You can assume that S
and A
will not
exceed 50, and N, the total number of transitions in the trajectory,
will not exceed 500,000. In this data
directory, you will find two sample data files (d1.txt
and d2.txt
).
Given a data file, your evaluator must estimate the value
function V
under the policy being followed. The output,
written to standard output, must be in the following format
(Est-V
is your estimate of V
).
Est-V(0)
Est-V(1)
.
.
.
Est-V(S - 1)
In the data directory enclosed, you will find output files corresponding to the two data files, which have solutions in the format above. The values mentioned in these output files are indeed the true values (under the same policy) from the MDP being sampled. Naturally, as you will have to estimate values based on samples alone, your estimates cannot be expected to match the true values perfectly.

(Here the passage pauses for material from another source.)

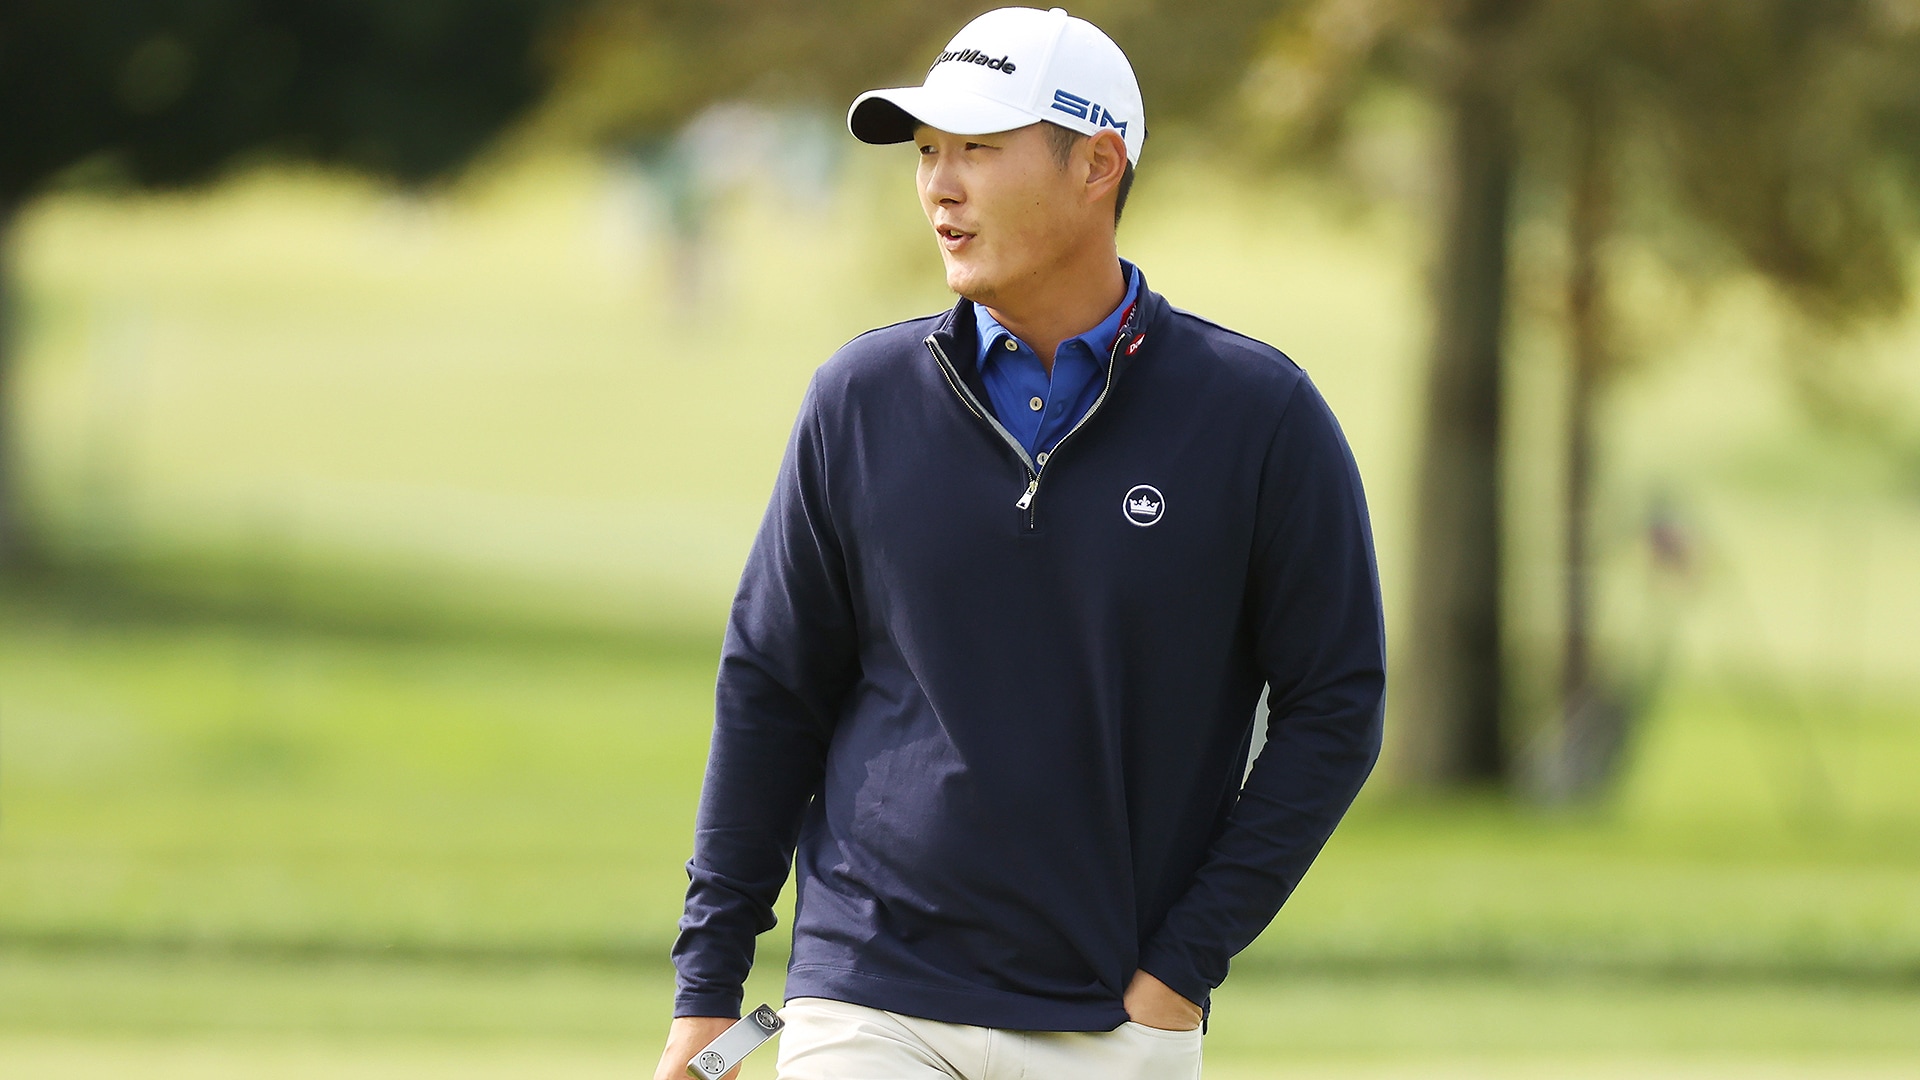 Danny Lee apologizes for ‘poor actions’ at U.S. Open

Notice that since this is a prediction problem, wherein a fixed policy is being followed, the actual names of the actions taken do not matter. Nor does it matter if the policy being followed is deterministic or stochastic. Your logic only needs to consider the state, reward, and next state associated with each transition.
You are free to implement the evaluator in any programming language
of your choice. Since your output will be checked automatically, make
sure you have nothing printed to stdout other than the S
lines as above in sequence. If the testing code is unable to parse
your output, you will not receive any marks.
submission
. The directory must
contain a script titled evaluator.sh
, which must take in
exactly one command line argument corresponding to a data file. For
testing your code, the following command will be used from
your submission
directory.
./evaluator.sh dataFileName
wherein dataFileName
will include the full path.
Include a file called notes.txt
in the
submission
directory, that describes the algorithm your
evaluator implements.
In summary: you will place the following files in submission
.
evaluator.sh
and all the code that it needs to run.
notes.txt
references.txt
(see the section on Academic Honesty on the course web page)
Compress the directory into submission.tar.gz
and upload
on Moodle under Programming Assignment 3.
Your evaluator will be tested on trajectories generated from
different MDPs and policies. Your task is to ensure that it prints out
a good estimate of the true value function in each case. Performance
will be quantified based on the (unweighted) squared distance between
your estimate Est-V
and the true value
function V
: that is,
Error = ∑s⋲S (V(s) - Est-V(s))2
.
Recall that as a part of Programming Assignment 2, you had written code for MDP planning. It will be a good idea for you to build a testing framework using that code to (1) generate and record trajectories of some fixed policy π for some MDP M; (2) estimate the value function of π as required in this assignment; and (3) compare your estimate with the true value function, which you can compute using your own code from Programming Assignment 2. This is exactly the scheme that we will use for evaluating your answers.
8 marks are reserved for the performance of your evaluator on
unseen trajectories, and 2 marks for your explanations
in notes.txt
. Be sure to describe your approach and
explain why you chose it over alternative approaches.
The TAs and instructor may look at your source code and notes to corroborate the results obtained by your program, and may also call you to a face-to-face session to explain your code.
Your submission is due by 11.55 p.m., Monday, October 28. Finish working on your submission well in advance, keeping enough time to validate your code and to upload your submission to Moodle.
Your submission will not be evaluated (and will be given a score of zero) if it is not uploaded to Moodle by the deadline. Do not send your code to the instructor or TAs through any other channel. Requests to evaluate late submissions will not be entertained.
Your submission will receive a score of zero if your code does not execute on the sl2 machines. To make sure you have uploaded the right version, download it and check after submitting (but before the deadline, so you can handle any contingencies before the deadline lapses). If your code needs any special libraries to run on the sl2 machines, it is your responsibility to get them installed. You can do so by filing a bug with the CSE system administrators.
You are expected to comply with the rules laid out in the "Academic Honesty" section on the course web page, failing which you are liable to be reported for academic malpractice.